За неделю дом был восстановлен и приведен к нормальному состоянию. Все было новым и блестящим. В комнате у Джейн обоев больше не было. Она решила, что будет лучше, если взамен ее любимому синему выкрасить стены в белый. Синий остался запятнанным для нее навсегда, также как и розовый. На стенах уже не было плакатов. На них у нее уже не будет больше ничего, они останутся чистыми. Она не решила, подходящим ли было слово «чистыми», но, как бы то ни было, для ее комнаты оно подходило.
Мастера закончили ремонтные работы, но запах краски продолжал висеть в воздухе. Сквозь него можно было ощутить и другие запахи, которые Джейн даже не могла точно определить: не то скипидар, не то мастика, которой был натерт пол – что-то еще.
– Запах новизны, – сказала мать, втягивая носом воздух, и произнося слова чисто и легко.
– Точно, – подтвердила Джейн, усиливая ясность собственного голоса. Ей было интересно: мать ей подыгрывает или нет? На самом ли деле она чувствует какой-то еще запах, который пробивается через все ароматы паров краски и достигает ее ноздрей. Когда, войдя в спальню, она осознала этот отвратительный запах, то он лишь едва присутствовал, заставляя ее с напряжением задерживать дыхание и морщить нос. Это было нечто протухшее, разлагающееся где-то в затхлом объеме, напоминающее рвоту или залежавшееся дерьмо. Еле заметный, но определимый, присутствующий не всегда, приходящий и уходящий, неуловимый, но при этом иногда сильный и неоспоримый запах. Она старалась не смотреть на место около двери, где она наткнулась на пятно рвоты. К своему удивлению и ужасу она начала чувствовать этот еле заметный запах везде, уловив легкий аромат дизельного перегара в салоне автобуса, везущего ее в школу, на тротуаре перед торговым центром, однажды в классе, когда этот запах показался ей сильнее, чем от мела, которым она писала на доске. Как-то раз она принюхалась, и вдруг запах исчез, растворился, в другой раз он мог остаться с ней надолго, преследуя ее там, где его и быть не может. Ей вдруг начало казаться, и даже немного вгонять в панику: а что, если этот запах исходит от нее самой, выделяется из тела, вводя ее в ужас самим лишь фактом аромата? У нее начали быстро расходоваться одеколон, кремы и мази. Подмышки она обрызгивала самым резким дезодорантом, а затем старалась не подходить к людям, и также никого слишком близко к себе не подпускать, а для того, чтобы перед сном поцеловать мать, она неуклюже наклонялась. Иногда она замечала, что мать на нее смотрит с каким-то необъяснимым подозрением, и тогда она отворачивалась или быстро удалялась из комнаты, или начинала о чем-нибудь безостановочно болтать, будто сумасшедшая. А иногда она вдруг обнаруживала, что мать выглядела подавленной или глубоко утопала в свои мысли, после чего Джейн хотелось вытащить ее из них, окликнуть, разбудить, прикоснуться к ней, обнять обеими руками. Но она этого не делала, не осмеливалась, всегда старалась удалиться, уйти в другую комнату.

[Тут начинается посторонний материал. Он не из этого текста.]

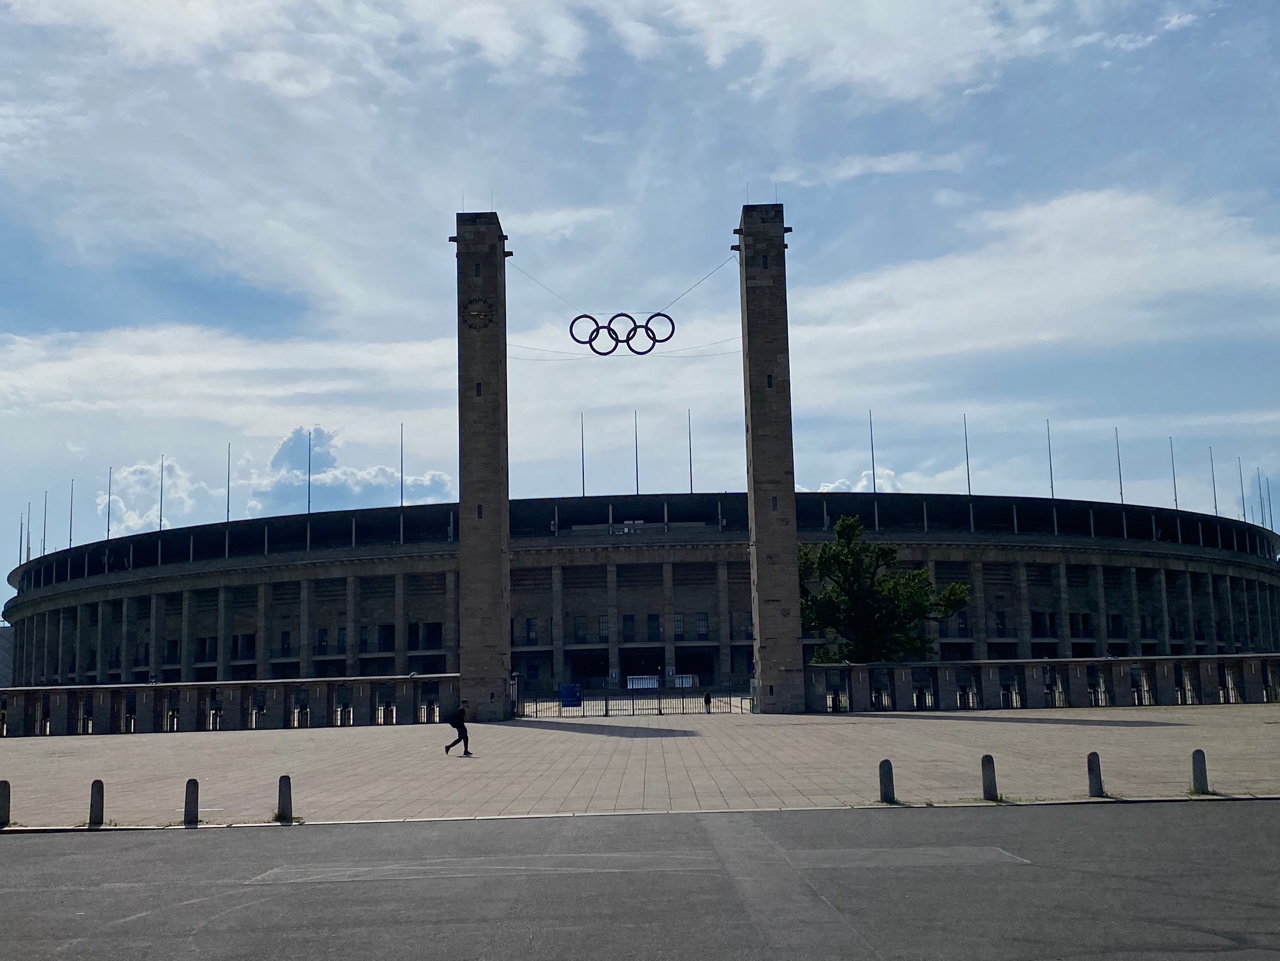 1936년 올림픽이 열렸던 베를린 올림픽 주경기장(올림피아슈타디온 베를린). 지금은 분데스리가 헤르타 베를린의 홈 경기장으로 사용되고 있다.

А Керен все продолжала спать.
Уже не только дурной запах, ужасная вонь, а уже сам дом не на шутку беспокоил Джейн. Она начала стараться держаться подальше от дома, находя причины удалиться. Иногда после посещения больницы она садилась на автобус, чтобы добраться до центра Викбурга, а затем бродила по торговому центру, чтобы убить время. Она заходила то в один, то в другой магазин, примеряла куртки и юбки, садилась за столик в кафе и выпивала стакан другой лимонада или «Колы». В магазинах она проводила не слишком много времени и не задерживалась, присаживаясь на пластиковые скамейки, разбросанные вокруг фонтана, чтобы не возникало не нужных ей знакомств с бродягами и бездомными. Дома она быстро переодевалась и уходила, чтобы побродить по улицам квартала или просто молча посидеть на заднем дворе. Она больше не искала себе компанию для общения с соседскими девчонками, потому что у нее больше не было настроения вести светские беседы, с кем бы то ни было, или просто болтать об одежде, макияже, кино и телесериалах. Ей хотелось быть писателем, художником или музыкантом, чтобы иногда затеряться в каком-либо виде творчества, чтобы выразить все накопившиеся в ней чувства и эмоции. Какие эмоции, и какие чувства? Она чувствовала, что дурачила себя, будто какие-либо эмоции были не присущи ей вообще. Ей казалось, что внутри она мертва, пуста, будто корабль, застоявшийся в порту в ожидании, что его загрузят. Чем? Она не знала.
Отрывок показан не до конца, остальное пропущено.